Данное решение поставленного вопроса теоретически необоснованно и практически неприемлемо. По мнению А.А. Пинаева (сторонника такого решения), в рассматриваемом случае пособничество выражается в форме устранения препятствий, создании условий, обеспечивающих взяткодателю возможность совершить преступление. При этом мнимый посредник «сознает, что выступает соучастником в даче взятки, способствует совершению действий исполнителем, предвидит, что и его действия создают условия для покушения на дачу взятки, и желает принять участие в этом посягательстве»[65].
Но, все же, действия мнимого посредника, который согласился передать взятку, но изначально, целью которого являлось завладеть ценностями, никак нельзя признать «созданием условий, обеспечивающих взяткодателю возможность совершить преступление», «устранением препятствий, стоящих на пути взяткодателя». Согласно закону, пособник — это лицо, содействовавшее совершению преступления.
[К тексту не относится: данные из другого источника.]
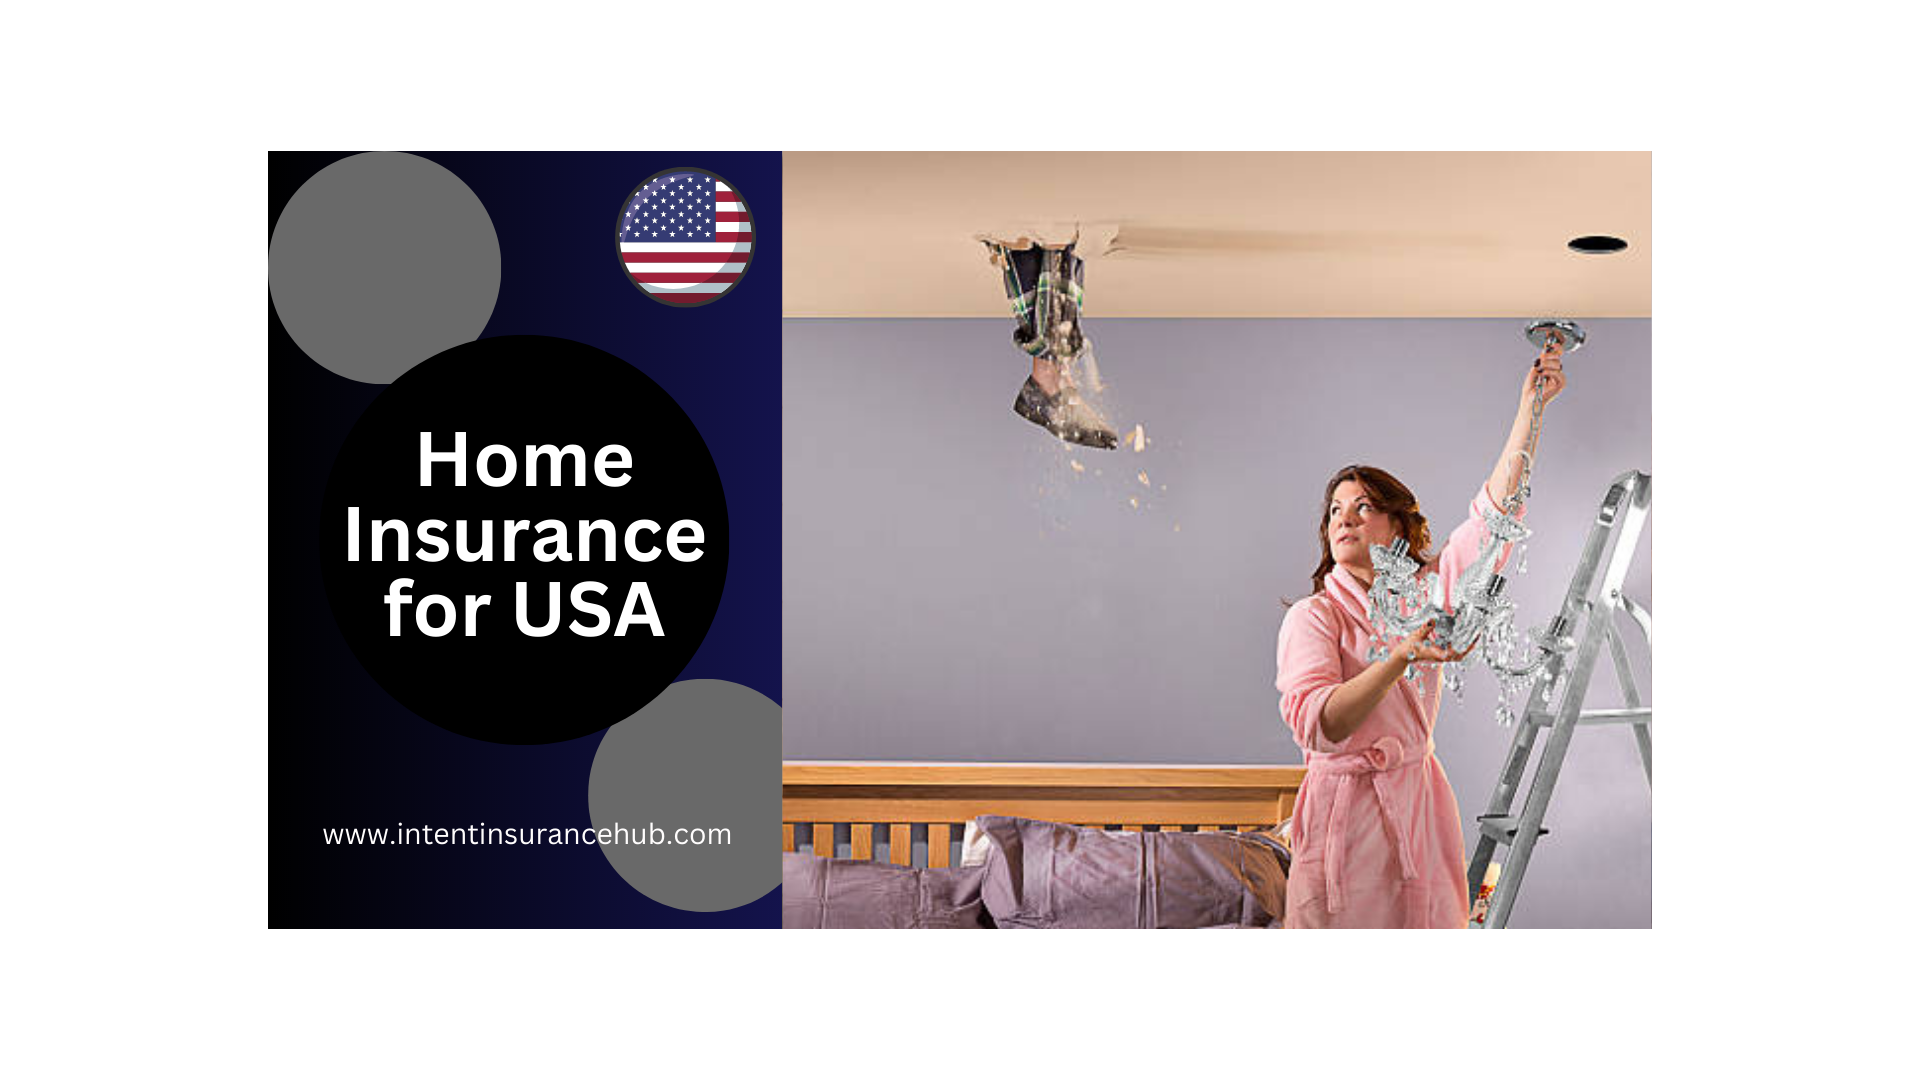 Home Insurance for USA

Но ведь именно в результате действий мнимого посредника, присвоившего предмет взятки, преступление не состоялось, О каком же пособничестве, содействии совершению преступления, можно тогда говорить! В подобной ситуации отсутствуют и объективные, и субъективные признаки соучастия. Такое лицо не имеет умысла на совместное участие в даче взятки и ничем не способствует совершению этого преступления, а напротив, присвоив ценности, объективно его пресекает. Умысел виновного направлен исключительно на завладение имуществом, а не на совместное участие в посягательстве на интересы публичной службы, нарушение нормальной деятельности аппарата управления, что является объектом при взяточничестве.
Под влиянием критики Пленум Верховного Суда СССР пересмотрел свою оценку «мнимого посредничества», предложив в п. 18 постановления от 30 марта 1990 г. «О судебной практике по делам о взяточничестве»[66] следующее решение: «Если лицо получает от взяткодателя деньги или иные ценности, якобы для передачи должностному лицу в качестве взятки и, не намереваясь этого сделать, присваивает их, содеянное должно квалифицироваться как мошенничество. Когда же в целях завладения ценностями взяткодатель склоняется им к даче взятки, то действия виновного, помимо мошенничества, должны дополнительно квалифицироваться как подстрекательство к даче взятки. Действия взяткодателя в таких случаях подлежат квалификации как покушение на дачу взятки. При этом не имеет значения, называлось ли конкретное должностное лицо, которому предполагалось дать взятку». Именно этим положением руководствуется в настоящее время судебная практика, квалифицируя действия «мнимых посредников»[67]. Однако, по мнению Б.В. Здравомыслова «мнимый посредник» не должен отвечать за подстрекательство к оконченной даче взятки. Дача взятки не состоялась, в том числе и по вине мнимого посредника, присвоившего предмет взятки. Взяткодатель отвечает за покушение на дачу взятки, поэтому действия «мнимого посредника» в соответствующем случае нужно квалифицировать как подстрекательство к покушению на дачу взятки[68].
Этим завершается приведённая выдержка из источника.